Friday, February 6, 2009

Resurgent dollar played a role in milk price collapse

No one thing ever triggers a farm milk price collapse all by itself, although the simple explanation usually boils down to too much supply and not enough demand. That's the case this time, as well, but what dairy producers may not appreciate is that currency exchange rates play a role in today's imbalance.

Not only has recession in the U.S. spread like an infection around the world to sicken other economies, it has also pushed the value of the dollar higher in relation to other currencies. Thus, when it comes to buying U.S. dairy products today, foreign buyers not only are more fiscally cautious but they also have less buying power.

Take Mexico for example. The No. 1 buyer of U.S. dairy products has seen the value of the peso drop from about 9.8 cents in mid-2008 to barely 7 cents today, almost a 29 percent decline. Canada, our No. 2 buyer, has seen its currency drop from $1.03 in late 2007 to just 80 cents today, a decline of 22 percent.

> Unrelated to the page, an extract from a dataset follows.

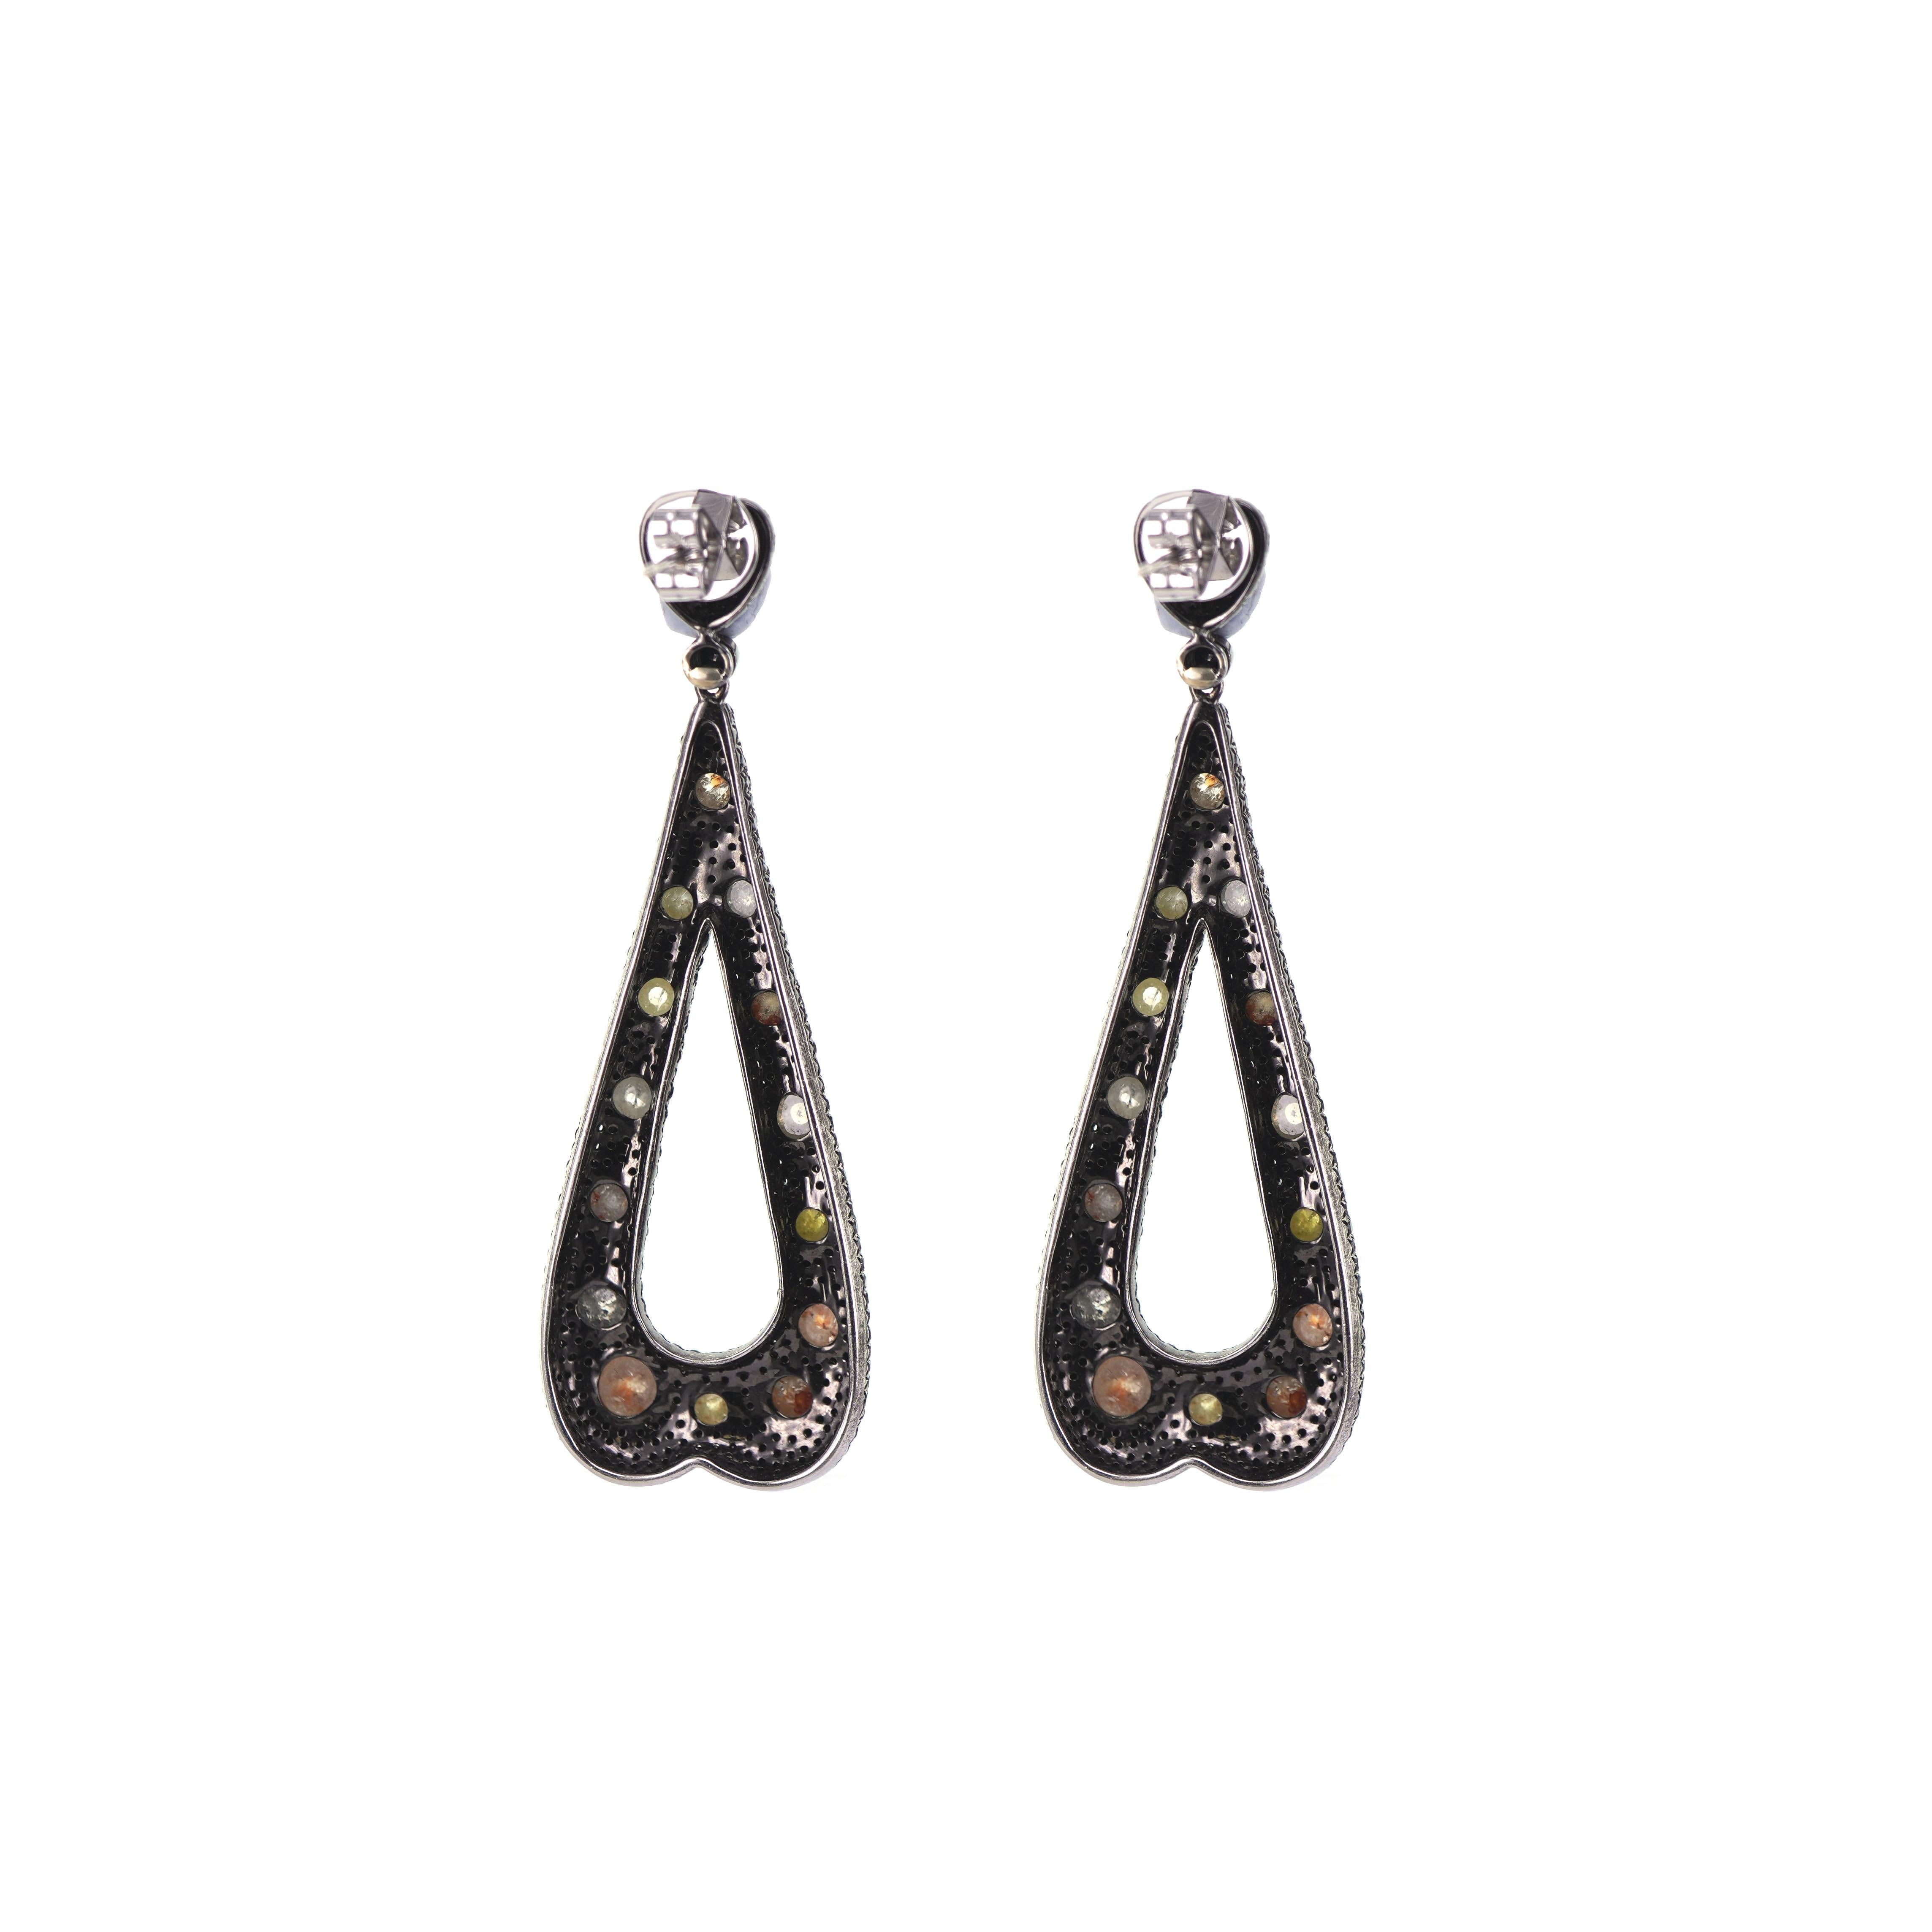 13.20 Carat of old Mughal Cut Diamond are set with 6.86 carat of Deep Black Diamond. The earring is made in 18 K Gold and has a very antique and old look about it. The total gold used in the earring is 28.41 grams which give it a nice heavy feel.

But that's just part of the problem. Partly because the dollar was so weak for so long, the percentage of total U.S. milk production that was exported soared in recent years. According to the U.S. Dairy Export Council, 3.6 percent of all U.S. production was sold abroad in 1996. In 2008, it is expected to be between 10 and 11 percent. U.S. dairy producers boosted production to meet that growing demand.

The effect of even a modest slowdown in foreign purchases of U.S. dairy products is drastically more sudden and painful today than ever before. That's one reason why the pipeline of dairy product sales plugged up virtually overnight, why domestic sales alone are hopelessly unable to keep up with production, why producer milk prices imploded, and why this situation in unlikely to turn around soon.